Friday, March 10, 2017

The Arabian Nights in the English Popular Press and the Heterogenization of Nationhood




Rasoul Aliakbari's new article "The Arabian Nights in the English Popular Press and the Heterogenization of Nationhood: A Print Cultural Approach to Benedict Anderson’s Imagined Communities" explores nation-building via Anderson, Edward William Lane, the popular press and The 1001 Nights.

It's a great read and fills some much-needed gaps in terms of popular renditions of the Nights and their relationship with understandings of nation.
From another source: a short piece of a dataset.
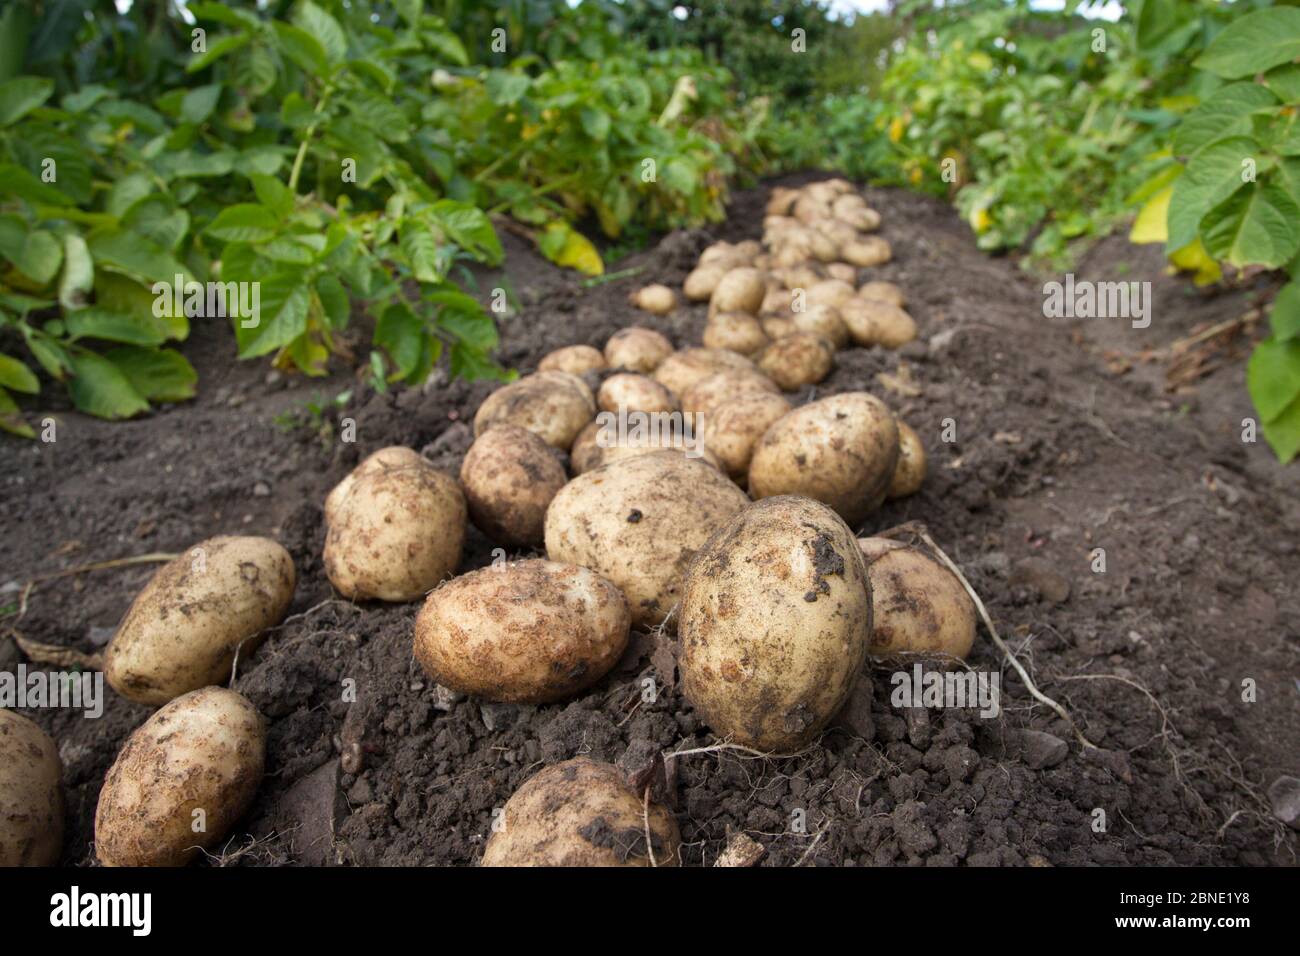 Crop of new freshly dug Rocket potatoes on the ground in a vegetable garden, Coleford, Gloucestershire, England, August. Stock Photo

If you have academic access you can read it here at Canadian Review of Comparative Literature -

https://muse.jhu.edu/article/632227

Rasoul Aliakbari is a graduate student at The University of Alberta in Comparative Literature.

I've pasted the abstract/overview below -

I. Aims and Scope

This article investigates the popular print culture of the Arabian Nights1 in nineteenth-century England in order to challenge Benedict Anderson’s standpoints on modern nation-building in his now-classic Imagined Communities. There is a growing body of research on the Nights, its sources, its literary character, its cultural significance, its translations, its adaptations, and its continuing popularity in contemporary cultures throughout the world. Ulrich Marzolph’s website provides an extensive list of representative scholarship on various aspects of the Nights in its various pre-modern, modern, and contemporary contexts (The Arabian Nights Bibliography). However, reviewing the literature of the Nights on his website and elsewhere, one notices a relative lack of scholarship on the uses of print editions of the Nights to converse with theories of print capitalism and modern nation-building. Responding to this lacuna, this article mainly aims to investigate publications of the Nights for lower-class readers in nineteenth-century England, in order to offer a heterogenized picture of the formation of modern English nationhood.2 In particular, I will explore the print circumstances of Edward Lane’s translation of the Nights as well as some reproductions of, and responses to, the Nights in nineteenth-century British cheap popular periodicals, to develop a critical dialogue with Anderson.3 This dialogue includes revisiting, challenging, and complicating some dimensions of Anderson’s discourses on print capitalism, the formation of the modern nation as an imagined community, and official nationalism. By examining the uses of the Nights for and among British lower classes and the expanding bourgeois readership of the time, I will demonstrate that, unlike Anderson’s conception of nationhood as homogeneous, steady, and solid, the formation of modern English nationhood is heterogeneous, porous, borderly, and conditioned at the intersection of social classes and the oriental literariness of the Nights. In other words, rather than arguing for the impact of the Nights on European literary modernity or nation-building, this essay seeks to demonstrate some of the uses of this tale collection in the English enterprise of nation-building, including the dissemination of ‘wholesome’ reading matter and the establishment of British sovereignty over lower-class and mass readership in England during the nineteenth century.